Concerning Pop Art, they ask, "Is it where you put
art...you put paint in a balloon, and you blow it up so it's huge - and then,
then you POP it!" It's both a question and an answer in itself, and it's
thought simultaneously by a few children across the classroom. It's cute - but
too literal, almost unimaginatively juvenile - and they know, you can tell by
the looks on their faces, that this can't be the case. But what if?
On seeing Lichtenstein's Girl
With Hair Ribbon the generic, boyish response is that the figure is ugly,
it's rubbish. Dull - buried. They can't elaborate, it's simply known. But also,
she has severe chicken pocks, which lends the image an air of muted hilarity
among the other boys - or, perhaps, uncertainty.
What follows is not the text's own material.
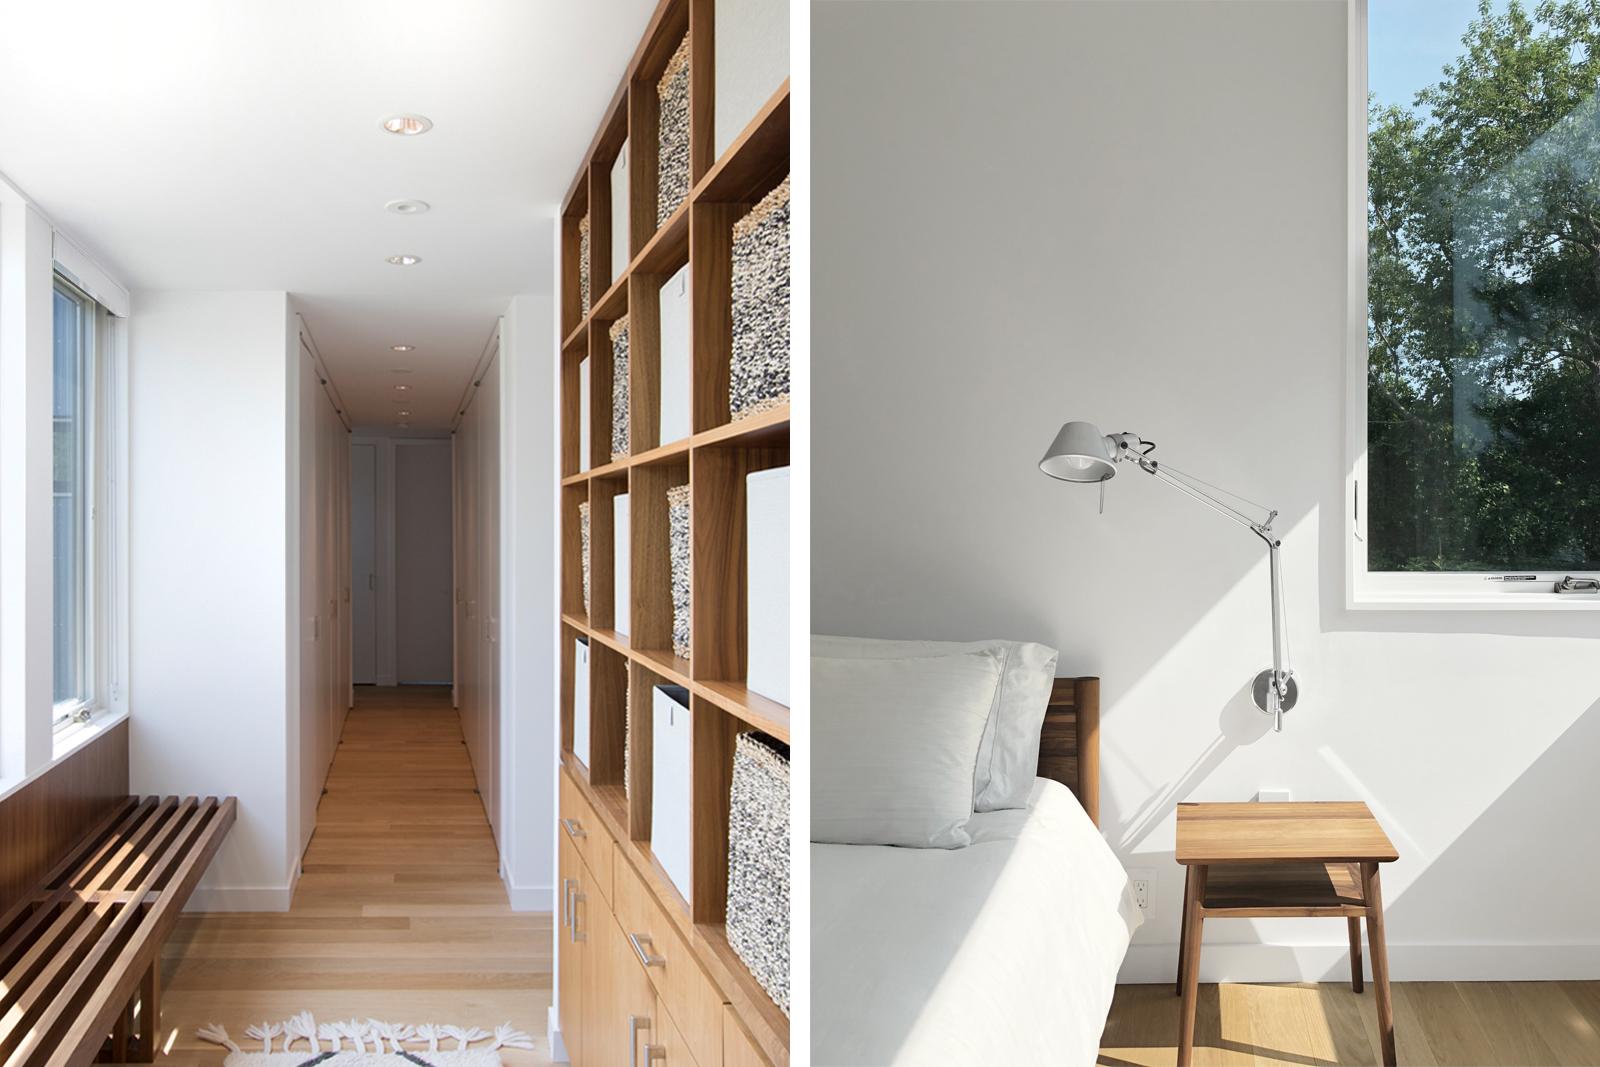 19-res4-resolution-4-architecture-modern-modular-house-prefab-home-north-fork-bluff-house-interior-entry-foyer-hallway-bedroom.jpg

Later the teacher asks us:
'where is she looking?' - her eyes looking off to the left. Instinctively one
boy - who was previously described the figure as 'mank' - replies that she's "looking
back, into the mirror."
The comment is said and is gone. Amidst other replies, other
snippets of laughter, other claims of interest from the girls, of further criticism
and embarrassment from the boys - embarrassment at the female figure, at the
vivid flatness of the image exploding, perhaps, with an indescribable latency -
or boredom, dull and done with - the words are said, heard, but not held onto,
wrapped up by the end of the lesson.